--- MATERIAL PROVIDED Enclosed Below ---

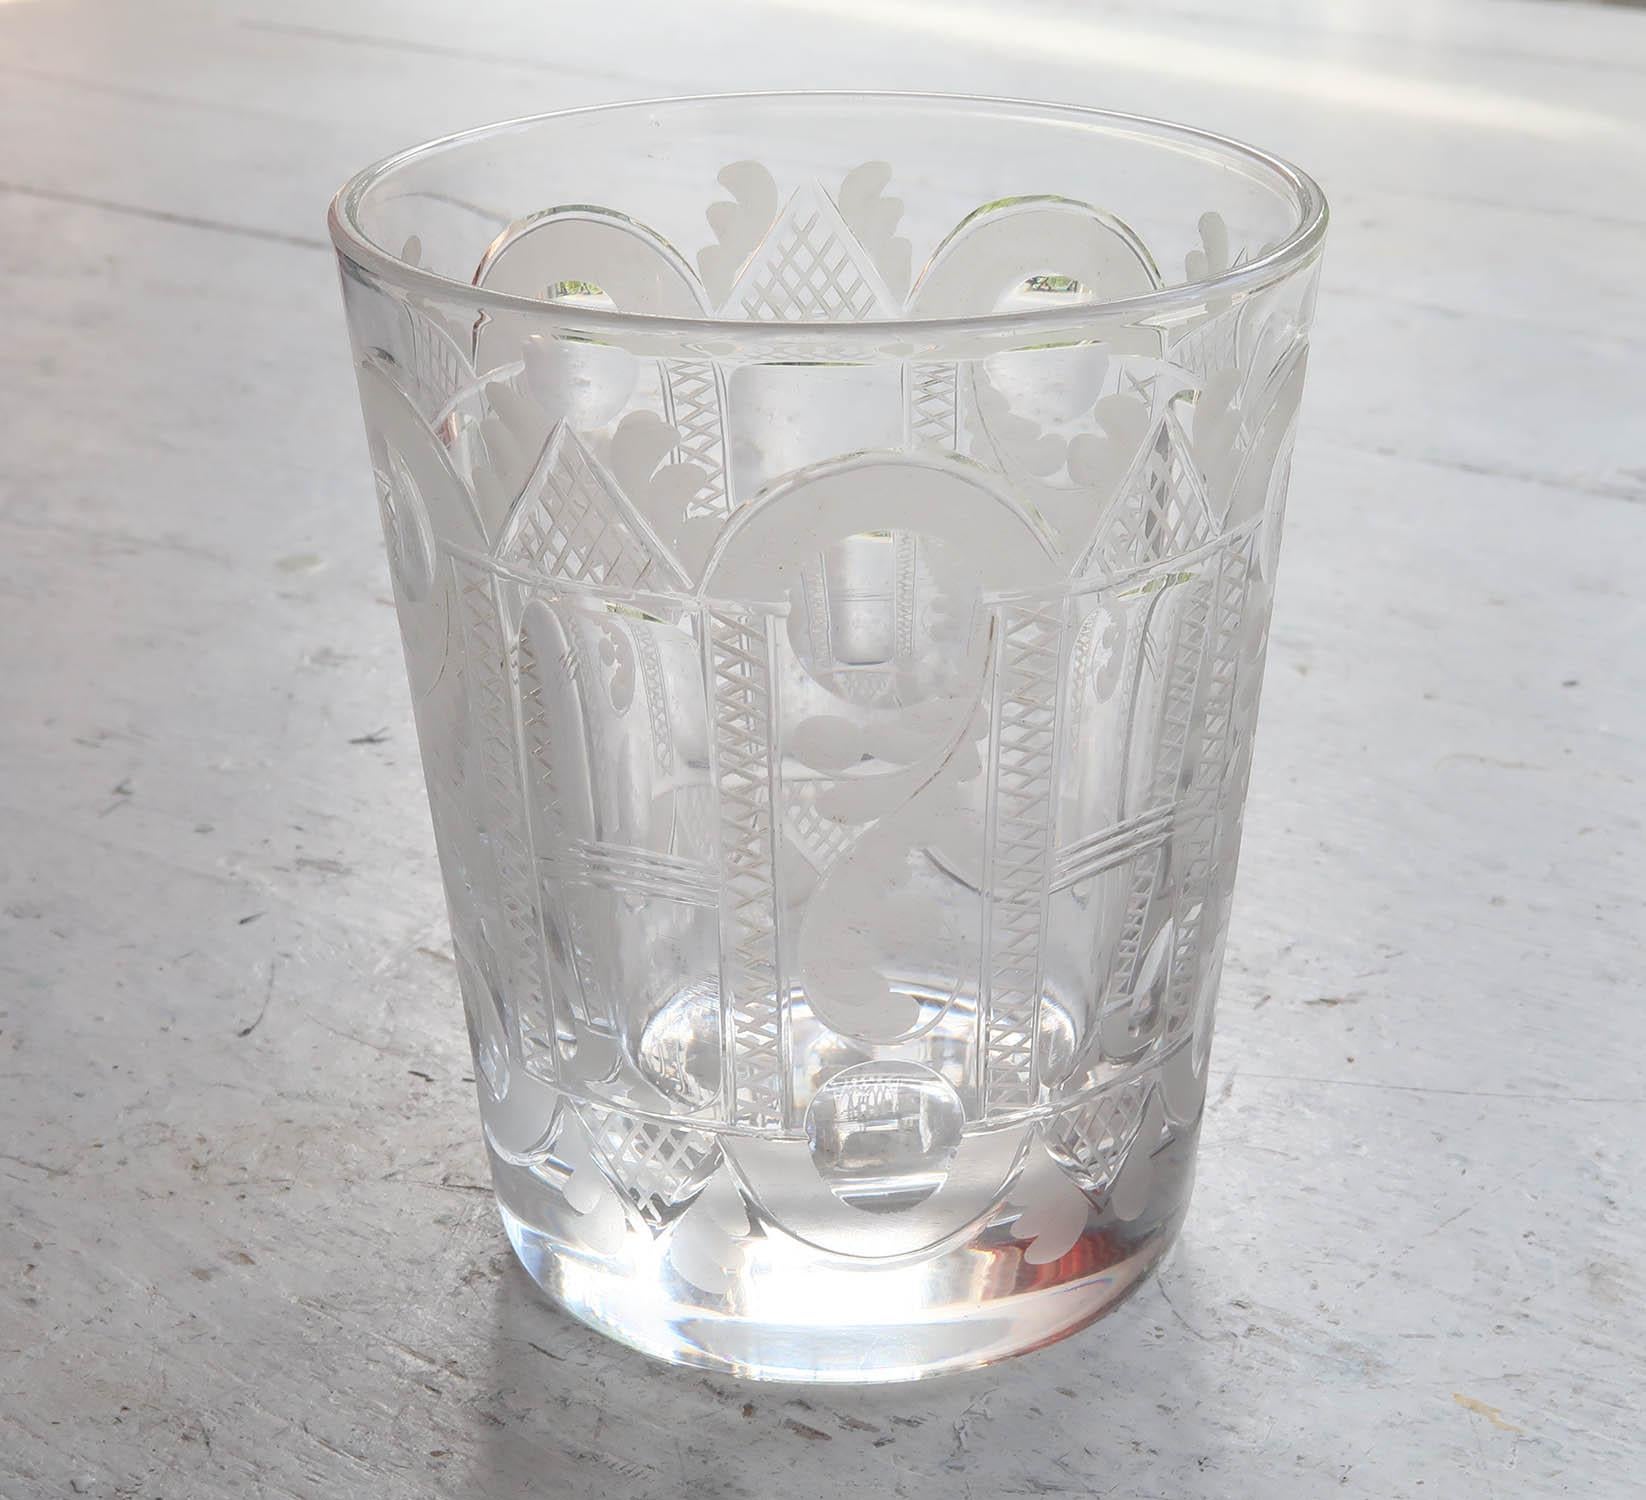 Wunderschöner Whisky-Tumbler im georgianischen Stil

Ungewöhnlichstes fast architektonisches Ornament

Fein geschliffenes, graviertes und geätztes Kristall.

Sehr angenehm zu benutzen.

Schwere Qualität

 In perfektem Zustand.

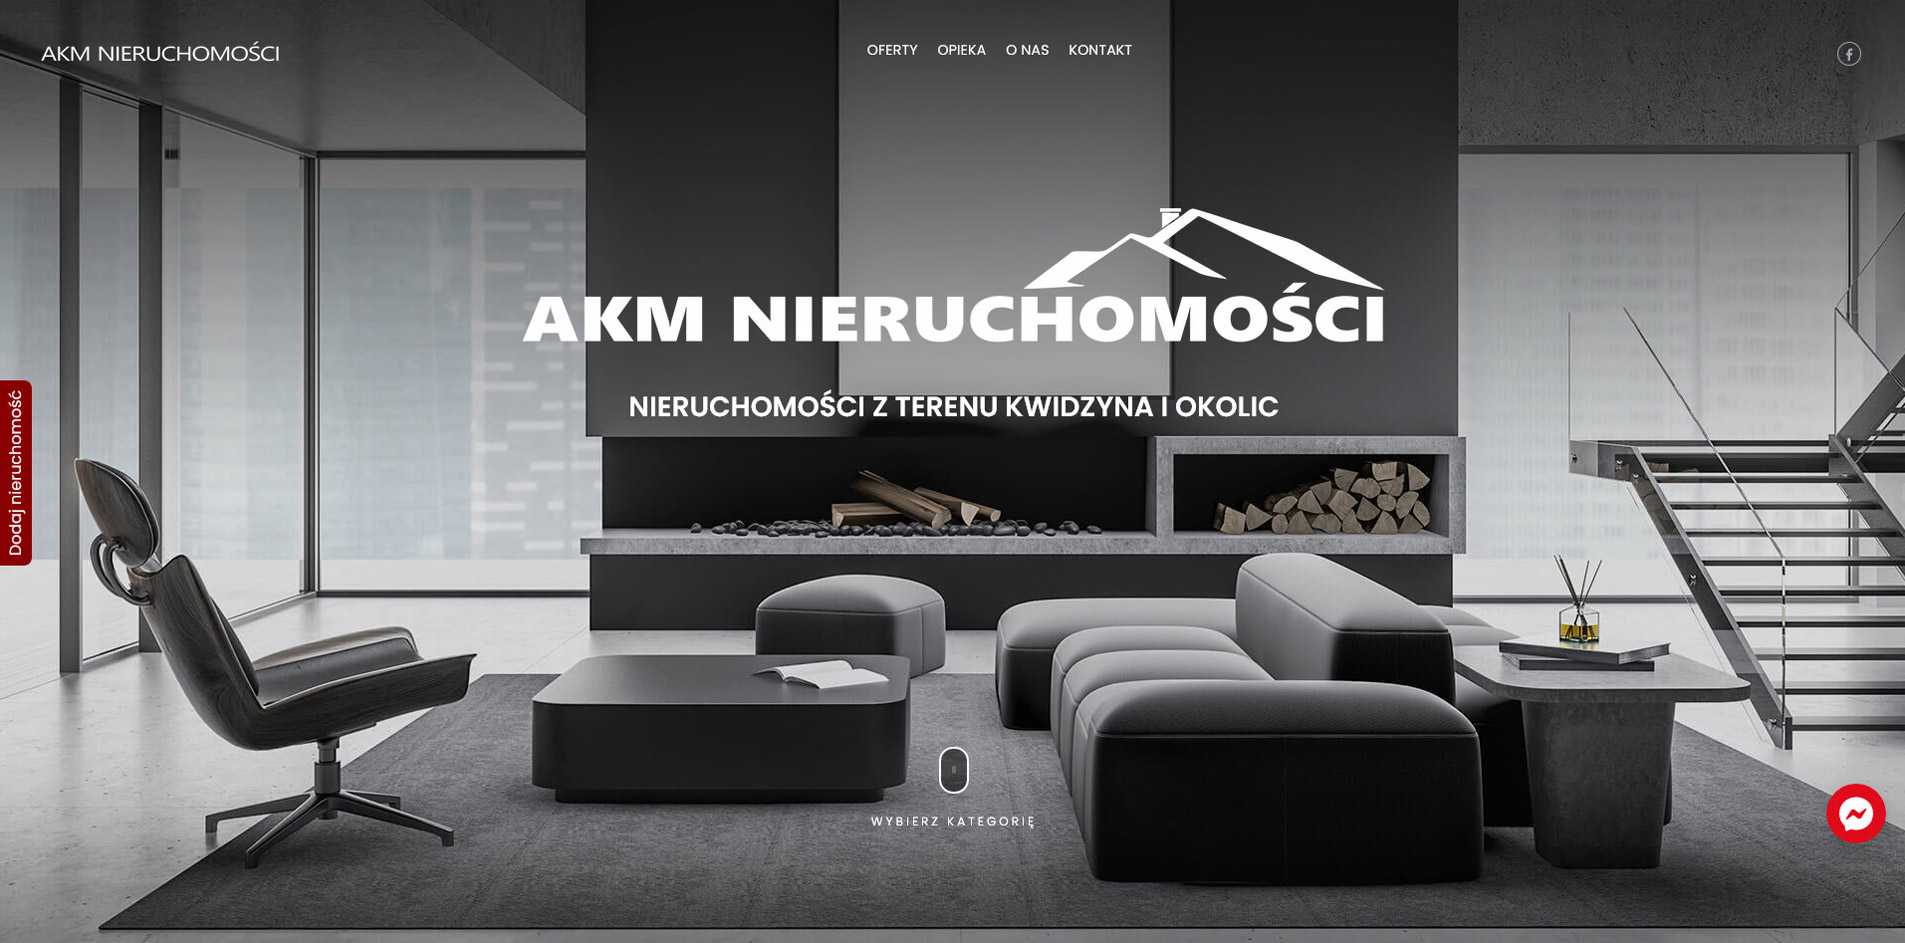 Główna strona www.akm-nieruchomosci.pl
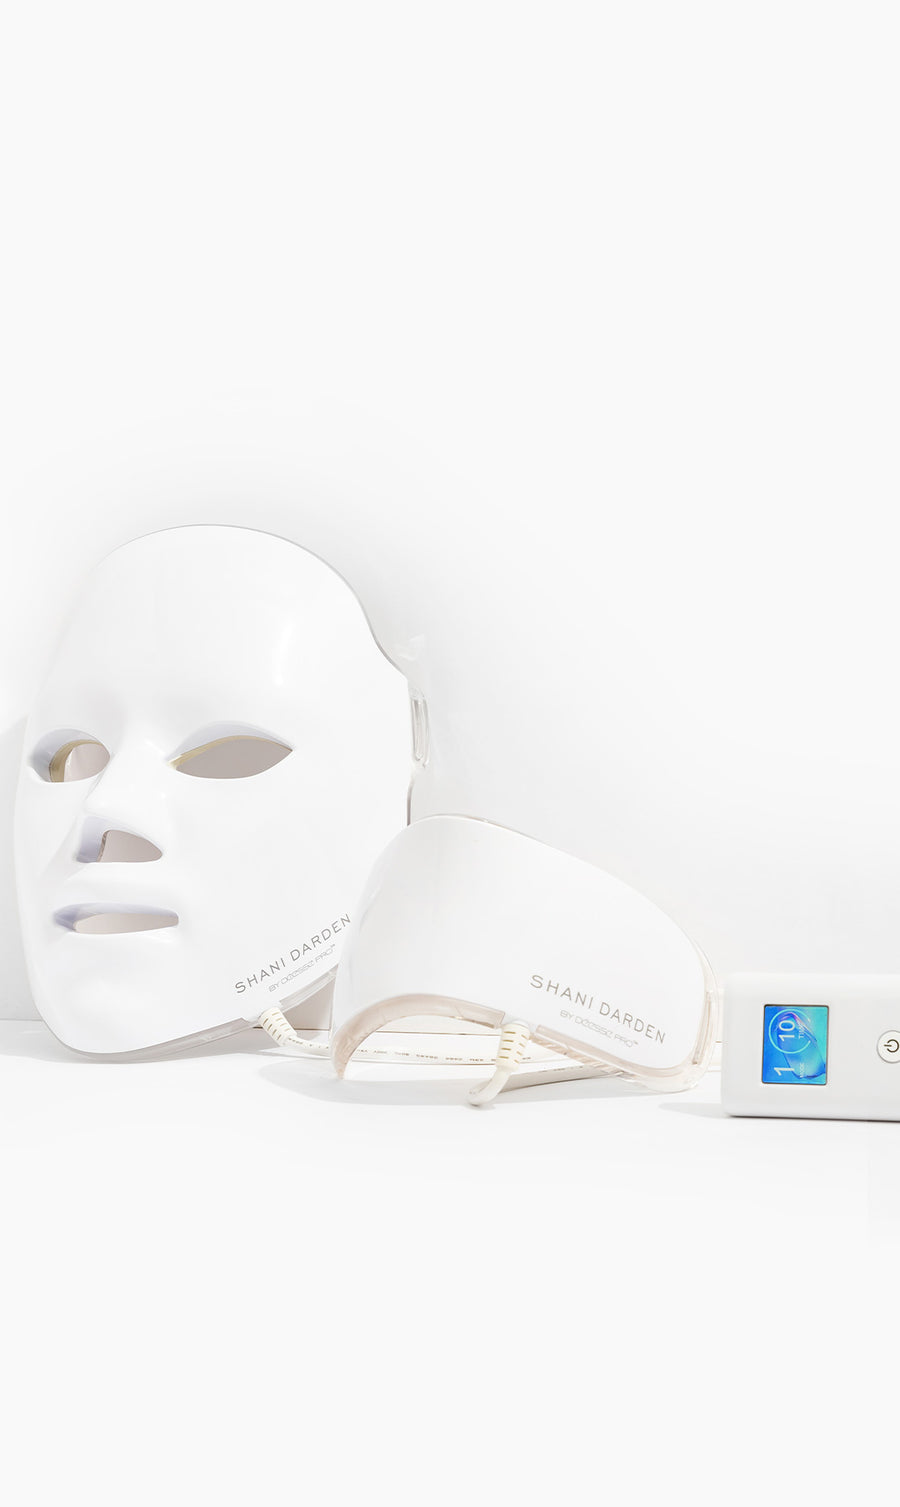 Déesse PRO LED Mask: Light Therapy
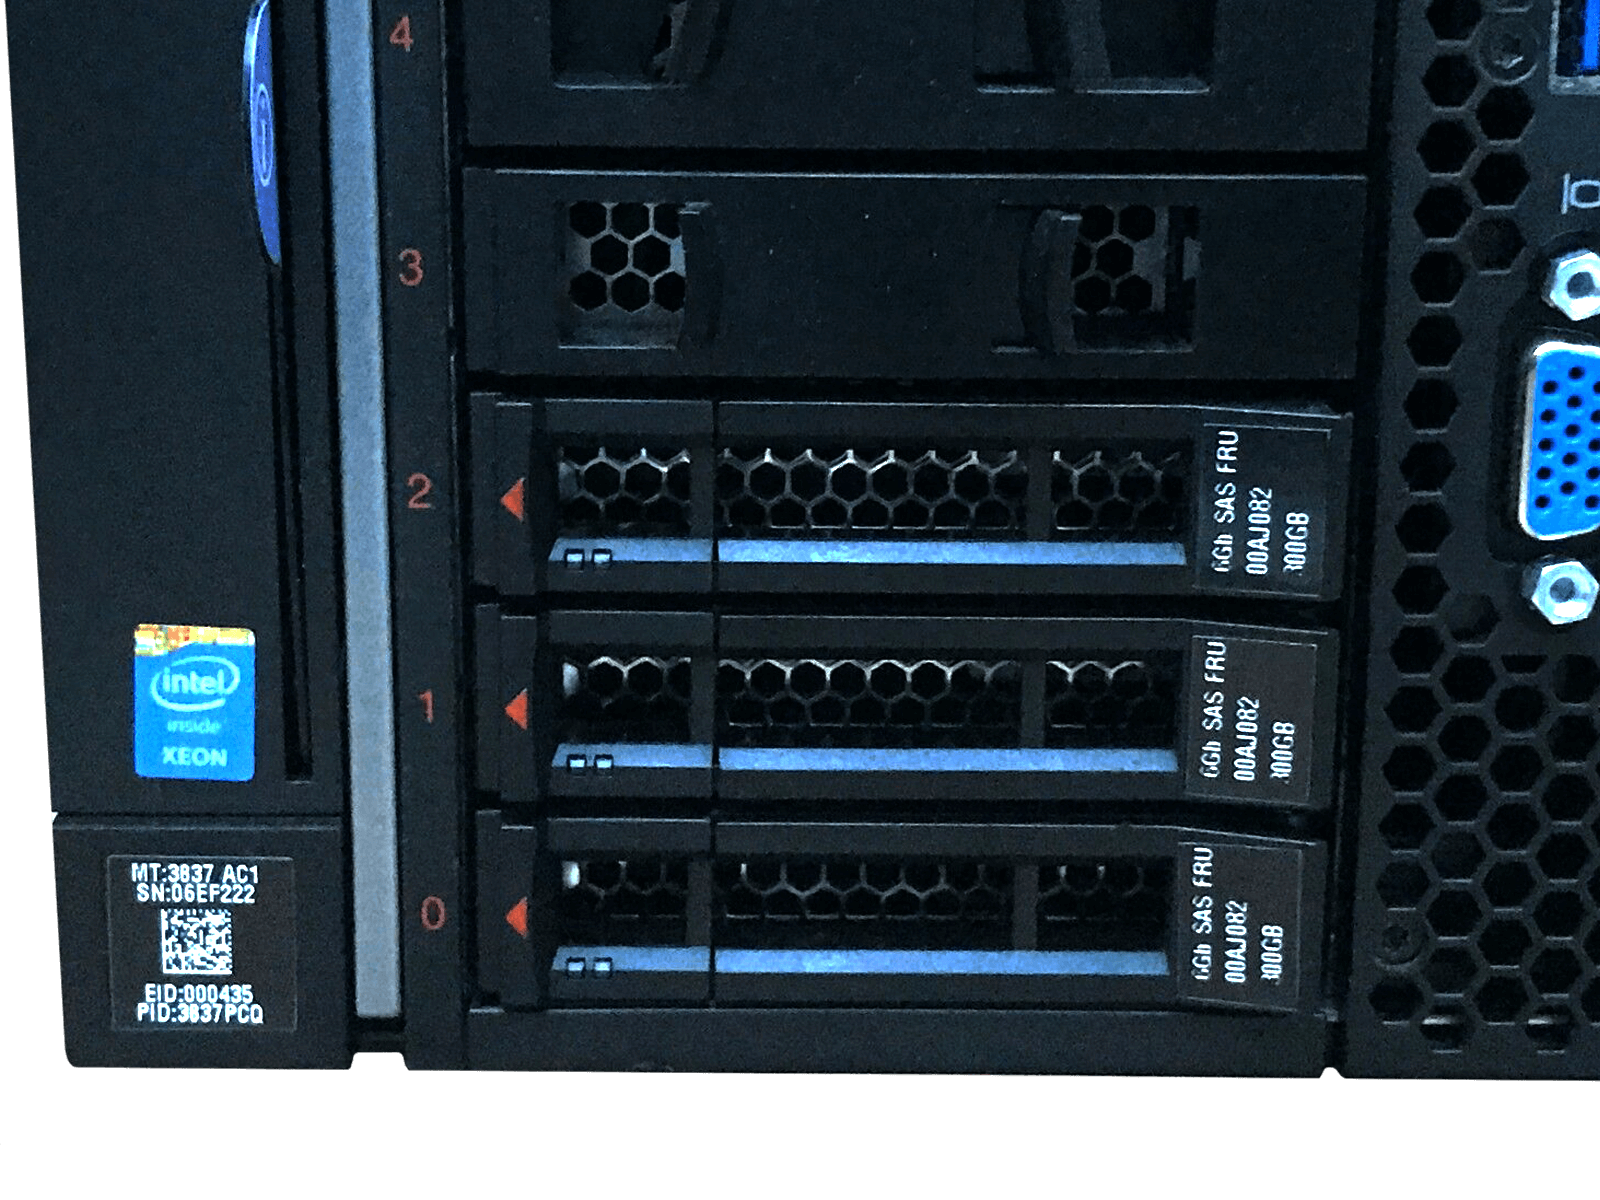 IBM x3850 X6 Server 4x Xeon E7-4820 v2 1024GB DDR3 RAM 2x 300GB 10K 4x 1400W PSU

--- End of Enclosed MATERIAL PROVIDED ---

◆ WHAT TO PRODUCE ◆
Repeat word for word, leaving out the pictures, each line of the records from the line that holds "Fein geschliffenes, graviertes" through the final one.

◆ WRITTEN SOLUTION ◆
Fein geschliffenes, graviertes und geätztes Kristall.

Sehr angenehm zu benutzen.

Schwere Qualität

 In perfektem Zustand.

 Główna strona www.akm-nieruchomosci.pl
 Déesse PRO LED Mask: Light Therapy
 IBM x3850 X6 Server 4x Xeon E7-4820 v2 1024GB DDR3 RAM 2x 300GB 10K 4x 1400W PSU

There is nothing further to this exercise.